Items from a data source
--------------------
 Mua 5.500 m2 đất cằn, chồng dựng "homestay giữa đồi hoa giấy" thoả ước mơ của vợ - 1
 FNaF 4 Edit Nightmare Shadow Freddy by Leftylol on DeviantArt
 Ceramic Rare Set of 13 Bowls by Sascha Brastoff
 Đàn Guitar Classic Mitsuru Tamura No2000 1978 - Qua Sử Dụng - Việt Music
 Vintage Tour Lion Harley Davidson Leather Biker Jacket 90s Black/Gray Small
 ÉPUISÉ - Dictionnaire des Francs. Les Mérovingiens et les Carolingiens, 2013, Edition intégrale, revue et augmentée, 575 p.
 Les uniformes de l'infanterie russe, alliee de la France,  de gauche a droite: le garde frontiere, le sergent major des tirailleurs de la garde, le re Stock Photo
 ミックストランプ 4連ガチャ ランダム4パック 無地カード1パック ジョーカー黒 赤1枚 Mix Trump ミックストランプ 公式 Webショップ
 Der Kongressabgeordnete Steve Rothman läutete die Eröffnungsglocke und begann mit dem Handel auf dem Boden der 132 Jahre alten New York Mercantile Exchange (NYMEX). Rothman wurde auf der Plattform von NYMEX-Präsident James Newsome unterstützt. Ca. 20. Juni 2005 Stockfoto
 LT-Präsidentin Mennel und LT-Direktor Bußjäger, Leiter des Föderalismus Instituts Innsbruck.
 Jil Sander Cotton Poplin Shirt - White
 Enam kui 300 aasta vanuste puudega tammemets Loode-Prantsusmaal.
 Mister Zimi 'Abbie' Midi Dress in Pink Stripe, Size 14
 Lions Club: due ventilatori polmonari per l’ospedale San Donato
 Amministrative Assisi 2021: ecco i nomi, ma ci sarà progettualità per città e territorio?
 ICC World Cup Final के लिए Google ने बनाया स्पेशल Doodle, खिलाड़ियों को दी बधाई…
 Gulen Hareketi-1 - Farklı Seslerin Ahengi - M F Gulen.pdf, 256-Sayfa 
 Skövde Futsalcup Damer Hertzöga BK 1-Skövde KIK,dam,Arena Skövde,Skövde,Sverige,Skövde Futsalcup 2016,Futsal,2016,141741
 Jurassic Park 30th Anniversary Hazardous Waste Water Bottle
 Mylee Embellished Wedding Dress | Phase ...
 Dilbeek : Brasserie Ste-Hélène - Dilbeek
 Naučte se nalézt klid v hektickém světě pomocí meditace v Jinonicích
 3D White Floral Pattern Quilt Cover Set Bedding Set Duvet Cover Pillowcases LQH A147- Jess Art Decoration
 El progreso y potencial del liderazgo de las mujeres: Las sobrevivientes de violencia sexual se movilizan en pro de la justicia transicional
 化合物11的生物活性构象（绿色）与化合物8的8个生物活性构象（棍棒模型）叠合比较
--------------------
Work instructions
Repeat, exactly as they stand above, the lines from the line with "ミックストランプ 4連ガチャ ランダム4パック" to the line with "Dilbeek : Brasserie Ste-Hélène - Dilbeek", both lines included.

Solution for this exercise
 ミックストランプ 4連ガチャ ランダム4パック 無地カード1パック ジョーカー黒 赤1枚 Mix Trump ミックストランプ 公式 Webショップ
 Der Kongressabgeordnete Steve Rothman läutete die Eröffnungsglocke und begann mit dem Handel auf dem Boden der 132 Jahre alten New York Mercantile Exchange (NYMEX). Rothman wurde auf der Plattform von NYMEX-Präsident James Newsome unterstützt. Ca. 20. Juni 2005 Stockfoto
 LT-Präsidentin Mennel und LT-Direktor Bußjäger, Leiter des Föderalismus Instituts Innsbruck.
 Jil Sander Cotton Poplin Shirt - White
 Enam kui 300 aasta vanuste puudega tammemets Loode-Prantsusmaal.
 Mister Zimi 'Abbie' Midi Dress in Pink Stripe, Size 14
 Lions Club: due ventilatori polmonari per l’ospedale San Donato
 Amministrative Assisi 2021: ecco i nomi, ma ci sarà progettualità per città e territorio?
 ICC World Cup Final के लिए Google ने बनाया स्पेशल Doodle, खिलाड़ियों को दी बधाई…
 Gulen Hareketi-1 - Farklı Seslerin Ahengi - M F Gulen.pdf, 256-Sayfa 
 Skövde Futsalcup Damer Hertzöga BK 1-Skövde KIK,dam,Arena Skövde,Skövde,Sverige,Skövde Futsalcup 2016,Futsal,2016,141741
 Jurassic Park 30th Anniversary Hazardous Waste Water Bottle
 Mylee Embellished Wedding Dress | Phase ...
 Dilbeek : Brasserie Ste-Hélène - Dilbeek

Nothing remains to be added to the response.